Man, you guys are good. I was gonna say they're the tallest, straightest trees in the woods and they green up sooner than others. But I got another question...are the sycamores known for putting out a large flush (ala dying elm) or just a few here and there? And when you find one near a sycamore, are there more around other sycamores close to the first one? Please expound on the sycamore for me. I get 95% of my morels on the ol reliable elms. I've only found blacks in SEO around the tulip poplars. Haven't been able to find blacks up here in NEO. KSU.shroomer, I see you on here every year. You do good, man!! Where do you find the blacks up this way? (I'm in Medina County)


----------



## ant (Oct 17, 2012)

Ive had good luck around sycamores on yellows in numbers but never blacks.


----------



## buckeyebrett (Jan 2, 2013)

Wadsworth, KSU. I know where you're talking.
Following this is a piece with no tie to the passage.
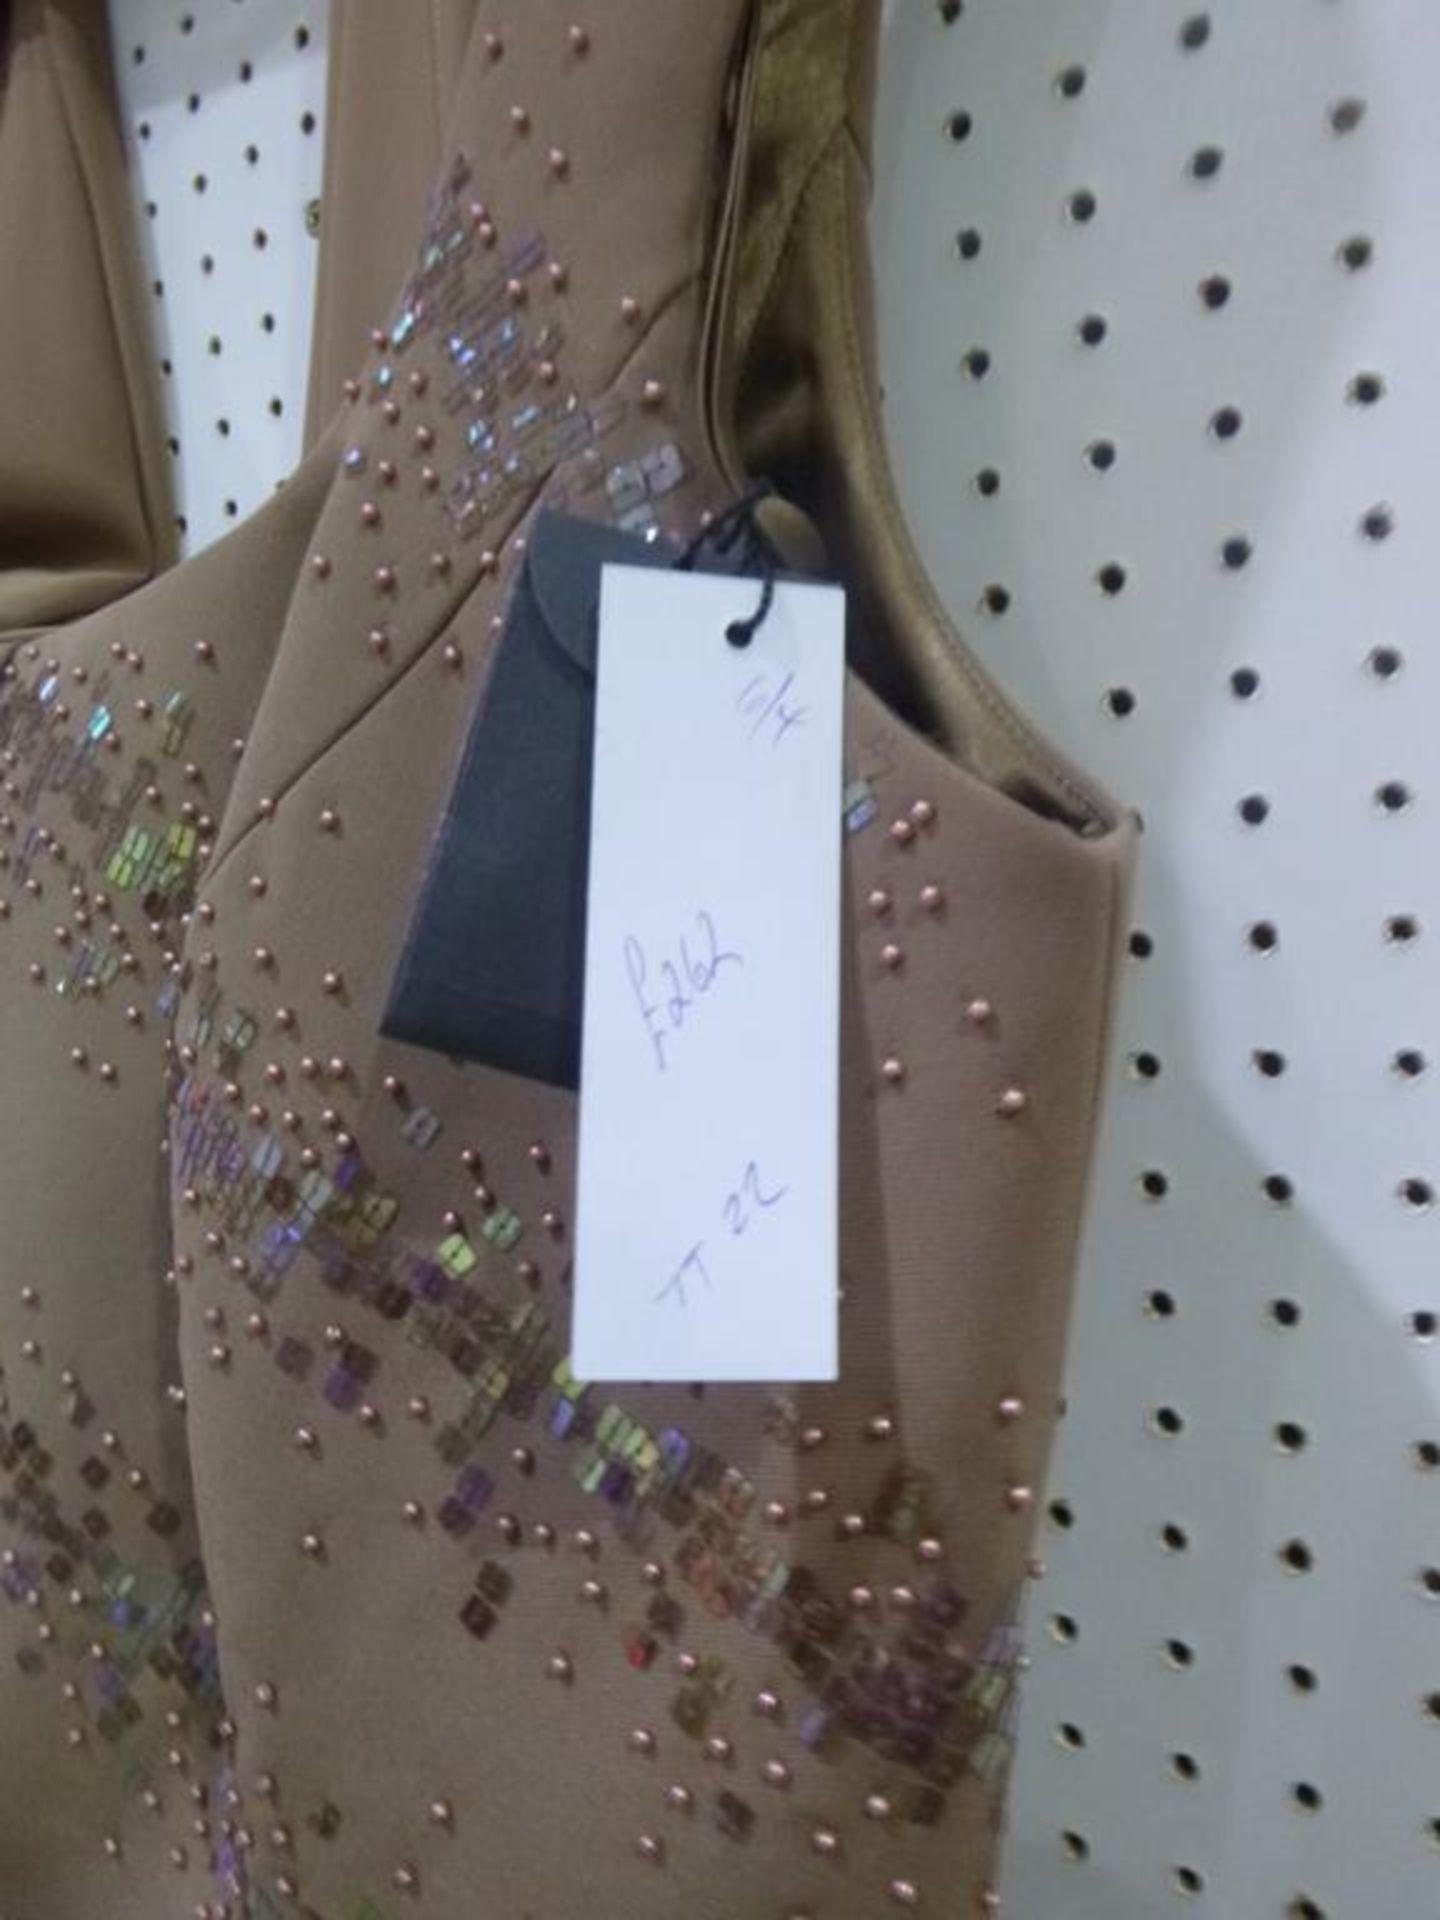 Lot 8019 - * Two Ladies Garments. A Simon Ellis (size 12) and a Veni Infantino (size 16). Please see

Did you go to Cloverleaf or Medina HS?


----------



## buckeyebrett (Jan 2, 2013)

Man, I gotta get blacks up here!! You've probably seen Digger on here over the years. He once showed me blacks that had come up on April 1st!! This was like 2008 or 9 maybe. Everyone was callin him out on here and he said he'd prove it. I took him up on it (not that I didn't believe. I wanted my mind expanded) Sure enough...April 1st. Little morels coming up. Those were near black cherry. That's one of my goals this year.....black morels in NEO.


----------



## lilmer1 (Apr 3, 2013)

I'm from Medina too. Fish spencer lake all time time. Small world.


----------